I had my own fashion consultant.

Even the shoes were a good fit, softened by a hundred wears on the inside, with a new-looking shine on their exterior.

I felt like a knob. All I wanted to do was crawl back into my crusty jeans and poke my toes into my work boots.

I wasn't entirely sure I wanted to be a city boy.

Ten

Splitters Creek had nothing like the lids at the pub that night. It was a hat-fest. White ones and fawn ones and black and ivory with feathers and badges. Indoor hats. A sea of indoor hats, check shirts and leather boots.

So, this was country.

Harry's hair was a gelled mohawk and he drank vodka and lemon. They had Bundy and cola on tap and at half past eleven, when Lee Kernaghan finally made it onto the stage, the joint was whooping and whistling and I was hammered. I had to take a leak and the bloke next to me at the urinal sang to himself and nodded his felt-hatted head.

‘Good night, hey mate?'

He nodded harder.

‘Did you have to come far to get here?'

He looked at me suspiciously. ‘Yeah, I live out in the sticks,' he said.
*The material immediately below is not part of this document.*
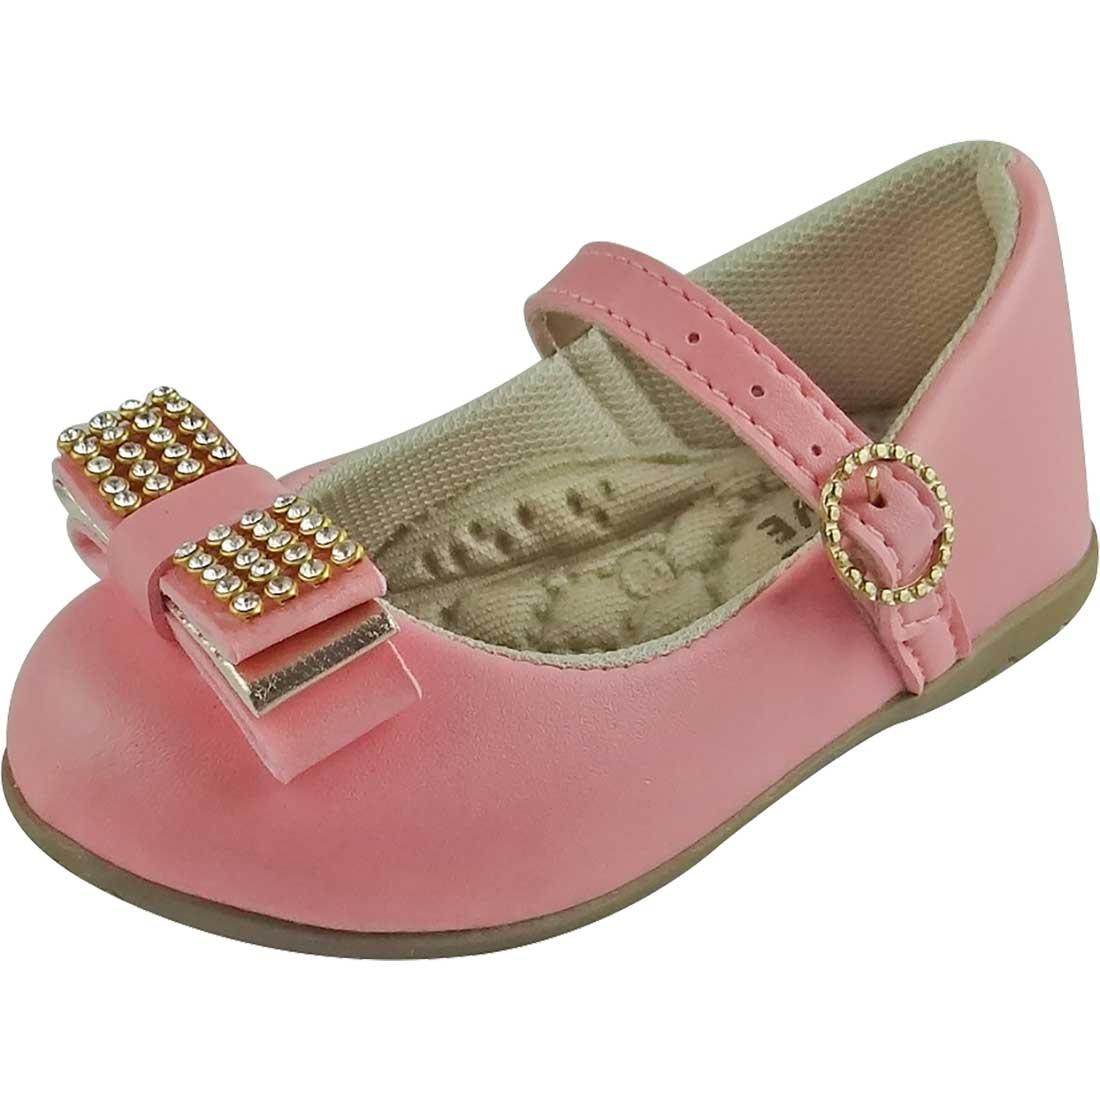 Sapato Boneca Baby com Laço e Strass - Rosa

‘Me too,' I said, and burped. ‘Whereabouts?'

‘Out Boronia way.'

I nodded. He tucked himself away and I shook my head.
I'd seen it on the map. Boronia was probably thirty minutes' drive from that pub. I realised that I wasn't ‘country'. Country was a style like goth or punk or homeboy and when I pushed back into the crowd, I felt lost in a way that I never had in the bush. The sort of lost where a map won't help. An inside lost that made me feel like I should have stayed at the flat and patted Mum's back. Retreated to the edge of my known and rocky universe.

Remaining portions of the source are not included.